十八歳にして源頼朝の挙兵に参加。父は北条時政。姉は頼朝の妻となる政子。自身も、頼朝の側近として仕え、平家追討戦に参加。鎌倉幕府の創設に尽力する。頼朝の死後は、有力御家人らとの抗争を制し、承久の乱にも勝利。将軍の独裁を廃した御家人たちによる合議体制を確立。後の、北条執権体制の基盤を作る。波乱の生涯を送った北条義時の生涯を綴った一冊。

目次

本書の構成は以下の通り。

  • はじめに
  • 序章 伊豆国と北条氏
  • 第1章 流人源頼朝と北条氏
  • 第2章 平家追討戦
  • 第3章 幕府草創
  • 第4章 鎌倉殿源頼家と北条義時
  • 第5章 実朝・政子・義時
  • 第6章 後鳥羽院政期の鎌倉幕府
  • 第7章 承久の乱
  • 終章 新たな公武関係
  • あとがき

鎌倉殿の13人を確認できる

大河ドラマ『鎌倉殿の13人』を見ていて気になるのは、「誰が13人なのか」という点ではないだろうか。既に語り尽くされた感がある、戦国モノの大河ドラマであれば、誰が出てきてもお馴染みのキャラクターかもしれない。

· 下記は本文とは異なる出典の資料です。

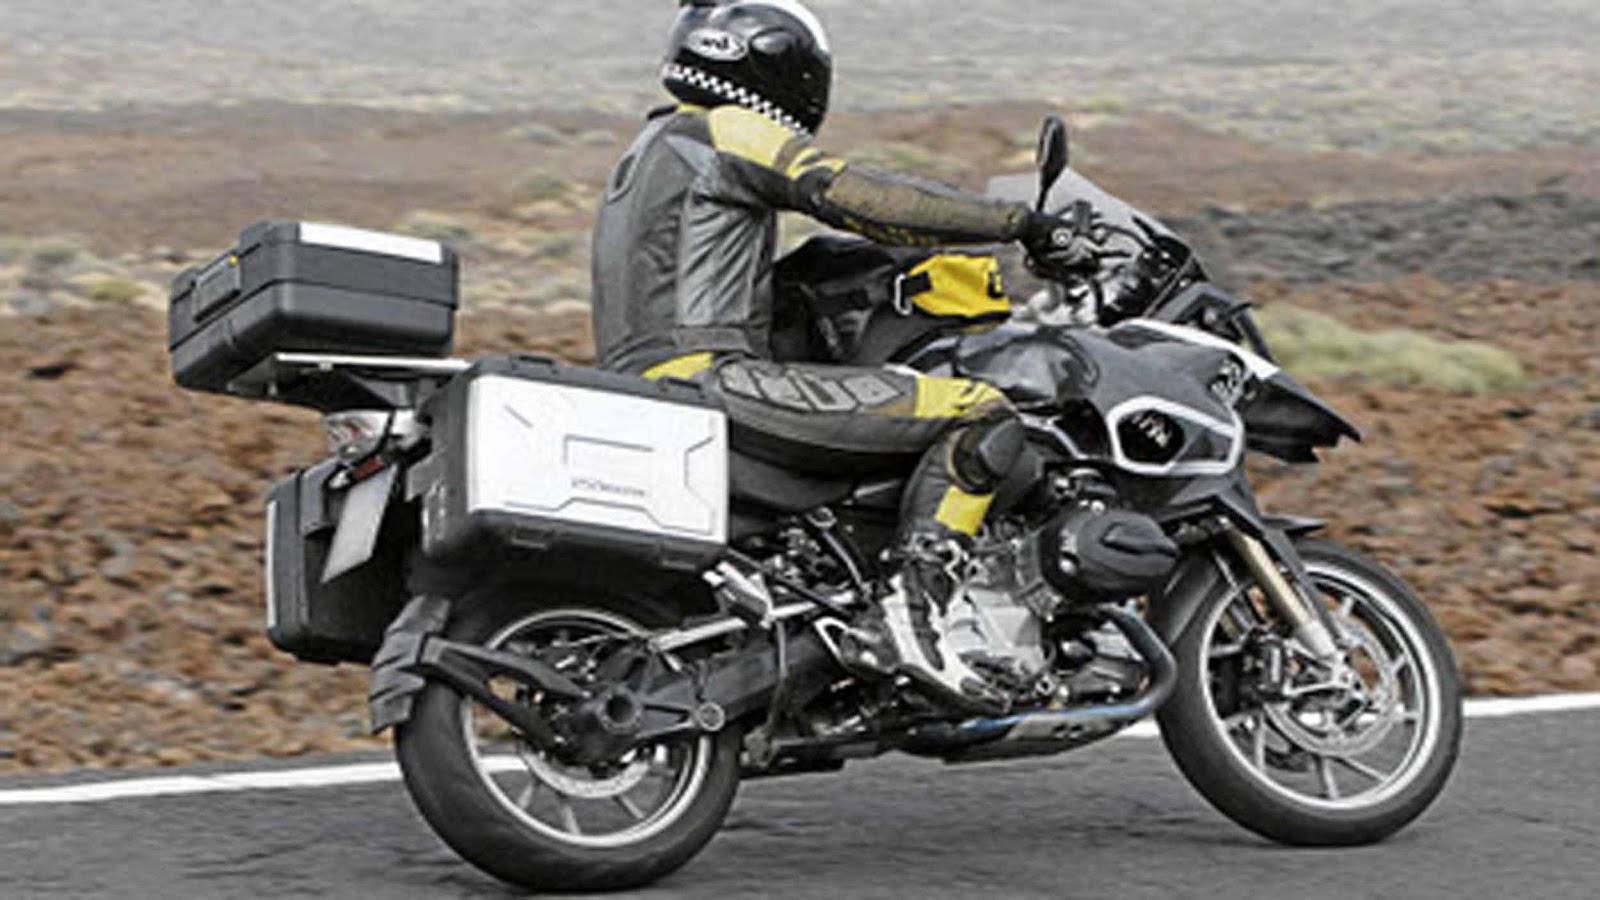 2013 bmw r1250gs motor bike motor bikes. Black Bedroom Furniture Sets. Home Design Ideas

しかし『鎌倉殿の13人』はマイナーな鎌倉モノ、しかも更に知られていない、頼朝の死後の時代までをも取り扱ったドラマなのである。

本書では、ページ数はあまり多くないものの「13人」についての言及がある。

『鎌倉殿の13人』で言うところの、「13人」とは、頼朝の死後に、二代目将軍の頼家を補佐するために成立した御家人らによる合議体制のことではないかと思われる。そのメンバーは以下の通り。

  • 北条時政(坂東彌十郎):政子の父。義時の父。頼朝の舅
  • 北条義時(小栗旬):時政の息子。政子の弟
  • 安達盛長(野添義弘):御家人、比企尼乳母縁者
  • 足立遠元(大野泰広[):御家人、比企尼乳母縁者、安達盛長甥
  • 比企能員(佐藤二朗):御家人、比企尼乳母縁者
  • 八田知家(市原隼人):御家人、寒川尼乳母縁者
  • 三浦義澄(佐藤B作):御家人、御厩別当
  • 和田義盛(横田栄司):御家人、侍所別当
  • 梶原景時(中村獅童):御家人、侍所所司
  • 中原親能:中下級貴族
  • 大江広元(栗原英雄):中下級貴族
  • 三善康信(小林隆):中下級貴族
  • 二階堂行政:中下級貴族

一般的な知名度が低い人物が多い。ドラマの中ではまだ登場していない人物もおり、あまりピンとこない方も多いかな。個人的には乳母人脈強いなあという印象。

陰謀論には与しない?

少し前に読んだ本郷和人の『承久の乱 日本史のターニングポイント』では、実朝暗殺の立案者が北条義時だったのでは?と、陰謀論的な推測を展開していたのに対して、本書では史料から読み取れないことには立ち入らないスタイルを取っている。あくまでも、公暁(本書では「こうぎょう」と読んでいた)の単独犯説を取っていた。

政権簒奪の印象が強い北条氏だが、筆者は「幼い実朝を補佐するために、幕府が統治機構として維持されるように管理した結果。不測の事態ながら、将軍不在でも幕府が存続するようになった」としていて、北条体制の確立はあくまでも結果論としている。

義時と三人の女

大河ドラマ『鎌倉殿の13人』視聴者的に、気になるのは義時の妻となった三人の女性たちである。いずれもキャラの濃そうな人物ばかりなので、ドラマ視聴者的にはこの先が楽しみ。

  • 阿波局

三代執権、泰時の母となる女性だが、詳細はわかっていない。本書では、筆者自身の説ではないが、源頼朝の最初の妻であった八重と同一人物ではという説もあると紹介されている。大河ドラマはこの説が採用されそう。となると、泰時の出自が怪しくなってきそう……。

  • 姫の前

比企氏出身。正室となる女性。幕府に仕えていた女房で、義時が再三好意を伝えるも相手にされず、頼朝が仲介し「別れないことを記した誓詞」を送ることでようやく婚儀が決まったとするエピソードが面白い。比企氏滅亡後は、義時のもとを去っている。

  • 伊賀の方

姫の前と離別後、義時の継室となった女性。7代執権政村の母親。義時の死後、伊賀氏の変を起こし流罪となる。

「義時本」なのか?

本書の、序章と第1章は、義時登場以前のお話。北条氏そのものの成り立ちと、平家による武家政権が出来るまでなど、歴史背景の部分から丁寧な導入がなされている。第2章からようやく北条義時が登場するのだが、存在感は薄め。頼朝や、政子についての言及も多く、タイトルが『北条義時』の本としては寂しい。史料が少ないのか?いやいや、さすがにそんなことはないはず。このタイトルは大河ドラマ合わせで、やや強引につけられてしまったもののように思える。編集側の意向を強く感じてしまうのであった。

義時本人にあまりフォーカスが当たっていない点はさておき、平家時代から、頼朝の挙兵、鎌倉政権の誕生。頼朝死後の内紛と承久の乱。そして北条執権体制の基盤づくりまでと、一連の流れを概観するには良書かと思われる。